The TPE filament acts as an etch resist, similar to methods using laser printer toner. For a substrate, [Mikey77] lists 3 options:

.004″ thick “Scissor cut” copper clad board from Electronics Goldmine

.002″ thick pure copper polyester taffeta fabric from lessEMF.com

<.001″ Pyralux material from Adafruit, which is one of the materials used to make professional flex PCBs.

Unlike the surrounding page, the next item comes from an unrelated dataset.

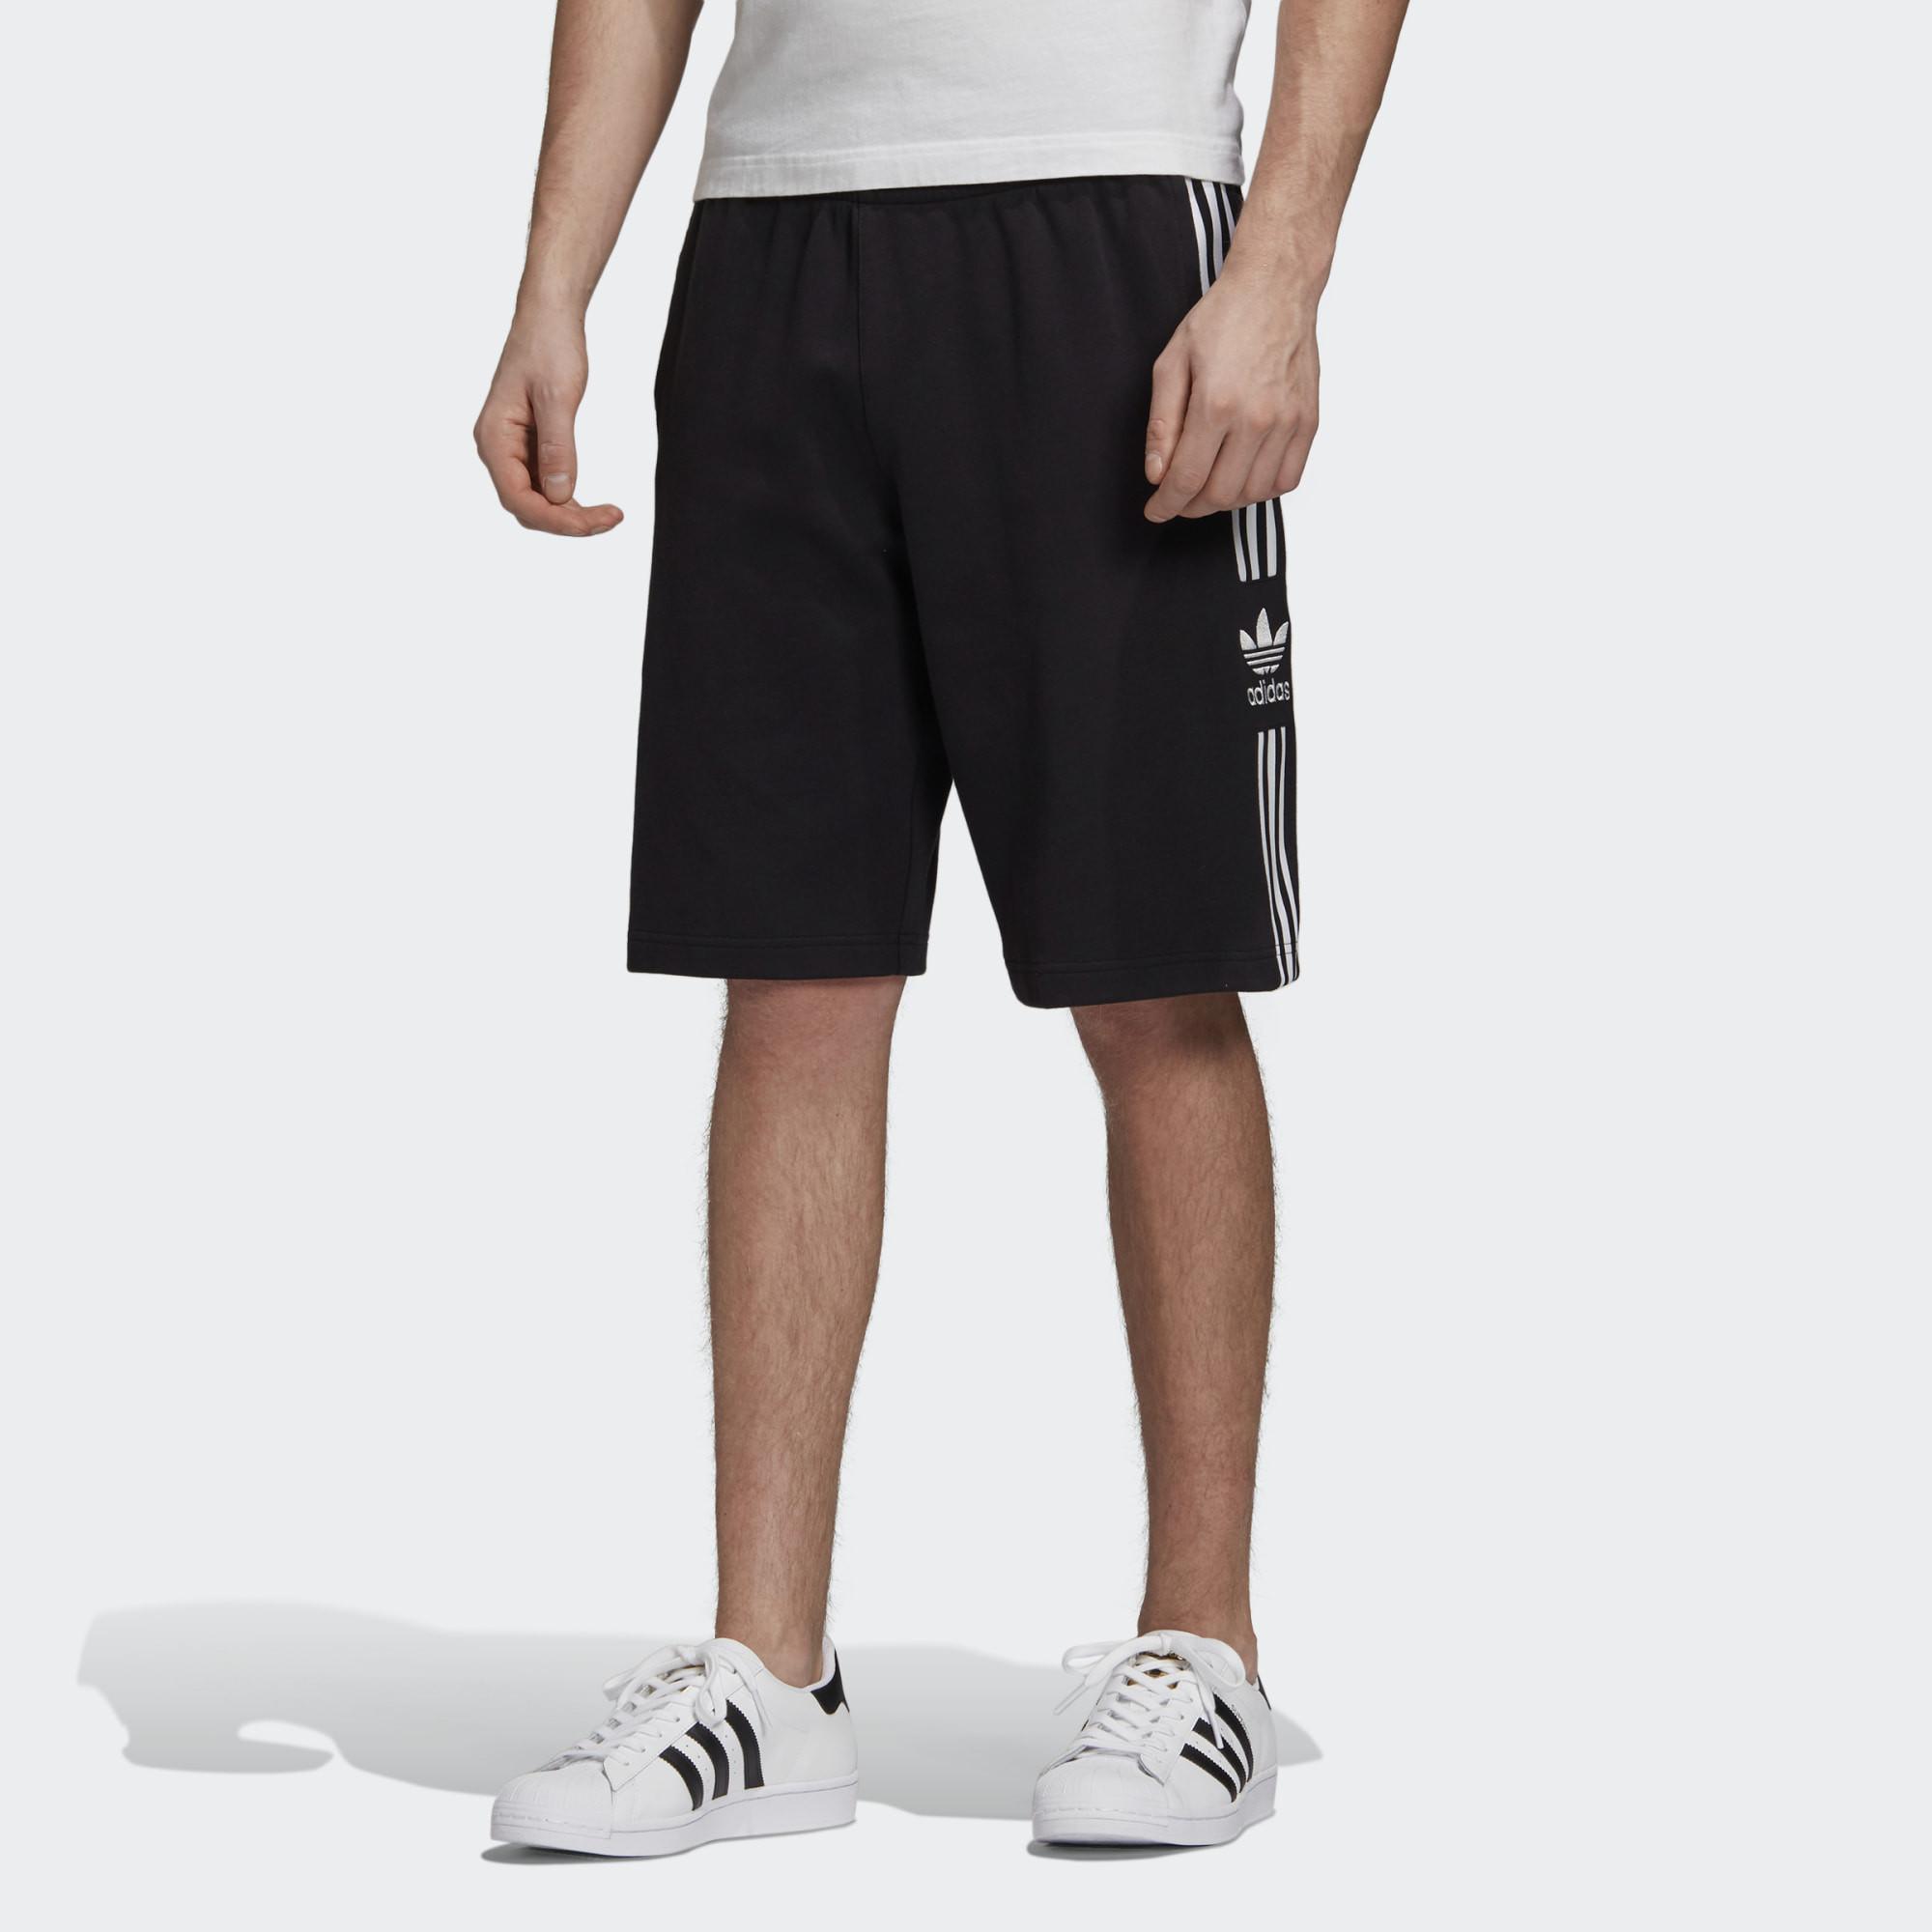 adidas Originals Lockup Men's Shorts (9000045725_1469)

A bit of spray adhesive will hold the Flex PCB down on the printer’s bed. The only issue is convincing the printer to print a few thousandths of an inch higher than the actual bed level. Rather than change the home position on his Z axis, [Mikey77] used AutoDesk 123D to create 3D PCB designs. Each of his .stl files has a “spacer bar”, which sits at the bed level. The actual tracks to be printed are in the air a few thousandths of an inch above the bed – exactly the thickness of the substrate material. The printer prints the spacer bar on the bed, then raises its Z height and prints on the flexible PCB material. We’re sure that forcing the printer to print in mid-air like this would cause some printer software to throw errors, but the system worked for [Mikey77] and his Makerbot.

Once the designs have been printed, the boards are etched with standard etching solutions such as ferric chloride. Be careful though – these thin substrates can etch much faster than regular PCB.